Jadi apapun yang kalian hadapi, berusahalah tanpa lelah, saranku.
Di tanahmu, aku
mengenal banyak orang baru. Mereka menjadi teman berdiskusiku, teman bermainku,
dan teman bersenang-senangku, pun pesaing untukku kala itu. Ah kamu, kamu
sudah mengajariku cara beradaptasi yang baru. Terimakasih.
Di tanahmu, aku
melihat dunia yang baru. Masa depan yang dirancang orang-orangmu yang sangat
ambisius itu, pun beberapa hal yang ku anggap mainstream yang tak bisa ku temui di sekitarku. Setidaknya, kamu
sudah mengajariku terus berpikir tanpa jemu. Terimakasih.
Di tanahmu, aku
pernah melihat seorang tuna netra berjalan sendirian di stasiun kereta yang
menurutku paling sibuk kala malam. Aku rasa dia tidak terlalu mengeluh dengan
begitu bisingnya langkah kaki ratusan manusia yang didengarnya seharian.

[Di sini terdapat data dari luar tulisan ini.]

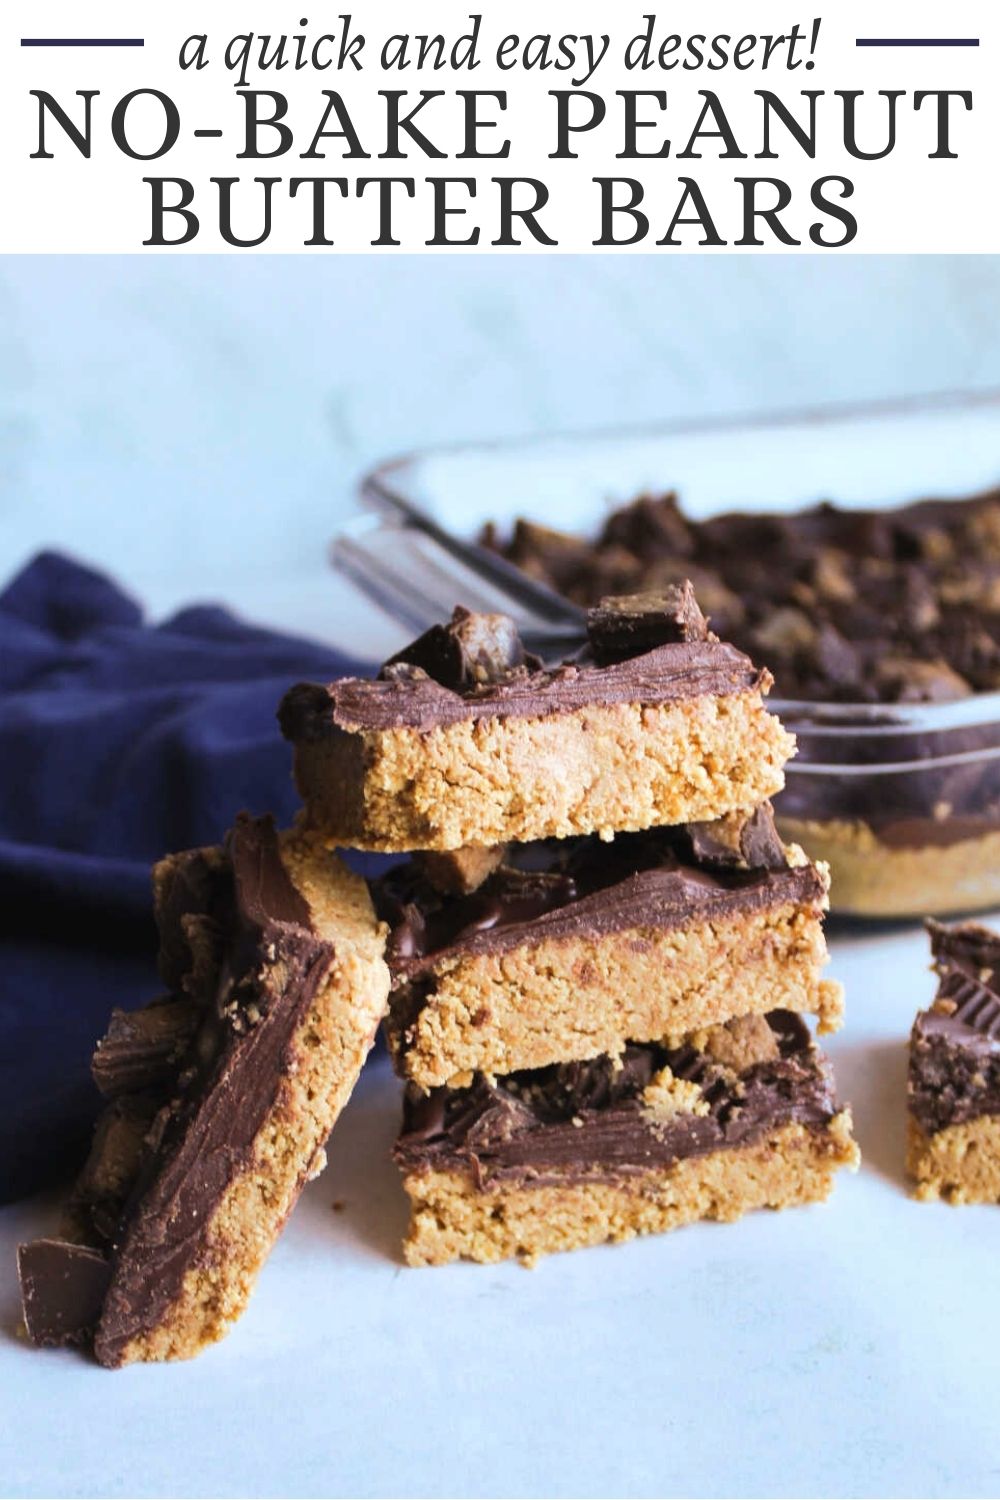 Peanut butter, graham crackers and chocolate come together in these fun no bake peanut butter bars. They are sure to get rave reviews everywhere you take them.  Luckily they only take 6 ingredients and a few minutes to put together, so the are a perfect easy dessert.

Hebatnya, dia bisa bertahan di tanahmu yang kata orang kejam. Iya, itu menjadi
pelajaran yang ku simpan. Ini juga terimakasih.
Aku sadar, aku
menikmati setiap momen yang aku habiskan di tanahmu; berbincang dengan
orang-orang baru tentang budaya dari negeri-negeri mereka, berdiskusi tentang sesuatu
yang sebelumnya tidak ku pahami sepenuhnya, menghirup udara musim dinginmu jika
berada di luar sana, menikmati design kotamu yang rapi dengan futuristik dan
budayanya, melihat orang sibuk berjalan lalu-lalang mengejar kereta malam,
mencium aroma harum yang kau sajikan di kedai-kedai makananmu yang dulu tidak
pernah ku sangka. Aku beruntung pernah dipertemukan Tuhan denganmu. Mungkin aku
harus lebih banyak mendengar kata orang sekarang. Tidak tentang impianku yang
mereka tentang, tapi tentang kamu dan kamu-kamu lain yang tadinya tidak mau ku
dengar dan ku perhitungkan karena kemalasanku mempelajari hal yang terlihat membosankan. Aku janji untuk tidak mengulangi. Pasti.
Di tanahmu, aku
menanam impian baru. Mungkin Holland masih menjadi favoritku, tapi kamu...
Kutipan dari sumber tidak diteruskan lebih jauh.